You are really not being very clear about what you do!
What does “I just take logs” mean? If you are a tester, then what did you do to find a defect? Are you following a process or just randomly poking around? Finding bugs isn’t very useful unless you can tell someone how to recreate the bug.
lyndon:
You are really not being very clear about what you do!
What does “I just take logs” mean? If you are a tester, then what did you do to find a defect? Are you following a process or just randomly poking around? Finding bugs isn’t very useful unless you can tell someone how to recreate the bug.
I test software. I run procedures that others create. If some bug occurs randomly I can capture logs built into the code and include it in my problem report. If I didn't write once issues (ie. with no steps to reproduce) I would have a zero bug count. Bug count is the main performance metric. I'm known for pushing test progress but I run the same procedures over and over again, the ones I feel comfortable with and can get done fast. I stay away from the new feature, complex tests. I have a bad reputation for cherry picking the short, easy tests to inflate my test count. How can I grow to become more than just a monkey tester, automaton?
Honestly, it sounds like you are working for a company who doesn’t respect you, if what you say is true, this seems like a high stress environment which in and of itself would prevent creativity.

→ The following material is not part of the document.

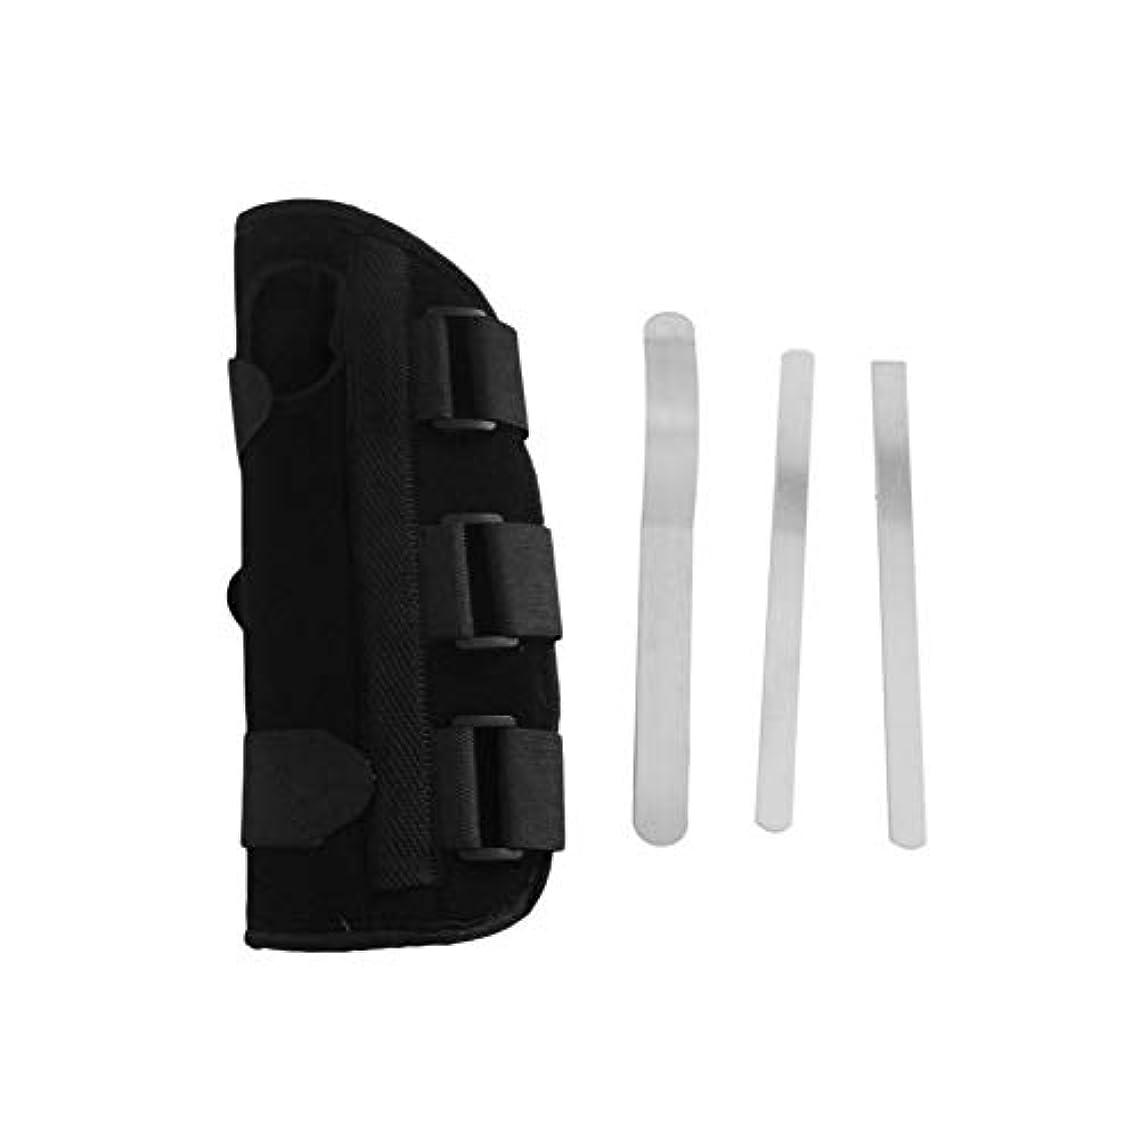 読みやすい集中囲い手首副木ブレース保護サポートストラップカルペルトンネルCTS RSI痛み軽減リムーバブル副木快適な軽量ストラップ - ブラックM

In any case to become creative (it can definitely be done) you need to dig into WHY the procedures are what they are. You need to develop a working model in your mind for cause and effects of the thing that you are testing. Why does it work like that, does it make sense? Think about the customers, put yourself in their shoes what they would do and think. Ask your boss for career development opportunities, if they value you as a employee, they will invest in making you more effective.
I am sorry for being the one that’s negative, but if you have to ask what to read/study, then you will always be the “Monkey.” Why not just read/study everything you can?
I can’t remember anything so it’s not possible for me to learn everything. I need to be selective. I apologize if it sounds like I’m making excuses, which are tools of the incompetent.
STOP putting yourself down this way. Talking like that (with negative absolutes) you are seeding more thoughts in yourself that will become self-fulfilling prophesies. You fail at something because you can’t see it any other way. Thinking negative makes you act negative, which in turn makes you feel negative. And that gives all the reasons to think negative again. It truly is a vicious circle. Please, take some time and read through your posts in this thread again, to reflect on it.
Honestly, been there, done that, … still doing it, but less. (Yes, I’m being a hypocrite now. It seems work for me as a self-healing method. Inducing an honest look at myself) No matter where you work, or precisely what you do for an occupation, this is unhealthy. It kills creativity! Surely you have good qualities also. Even if they are hard to come up with right now. They might be hidden under a thick dark blanket because you seem to have made this thinking into a long standing habit. So it will take some time, energy and effort (tears even) to become aware of those. Maybe it also needs professional counselling to get there. A job counsellor, psychologist or maybe even psychiatrist. At least talk about this with your doctor. I sure did need them about 12 years ago. It took a while, but I’m starting to see the benefits now of why my brain is wired as it is, right next to the drawbacks I have with it. Once you start to appreciate the good and the bad about yourself the thinking machine kicks in again and creativity will come back again. No doubt about it.
If I build circuits in a electronics lab kit, just following the breadboard instruction without really knowing what’s going on, will I eventually learn through osmosis?
Or am I better off just reading and studying electronics books?
What’s the most efficient way to learn, understand, digest, master and memorize a ton of specs, old and new. Should I be focusing more on the white papers, user experience specs, requirements, or test procedures.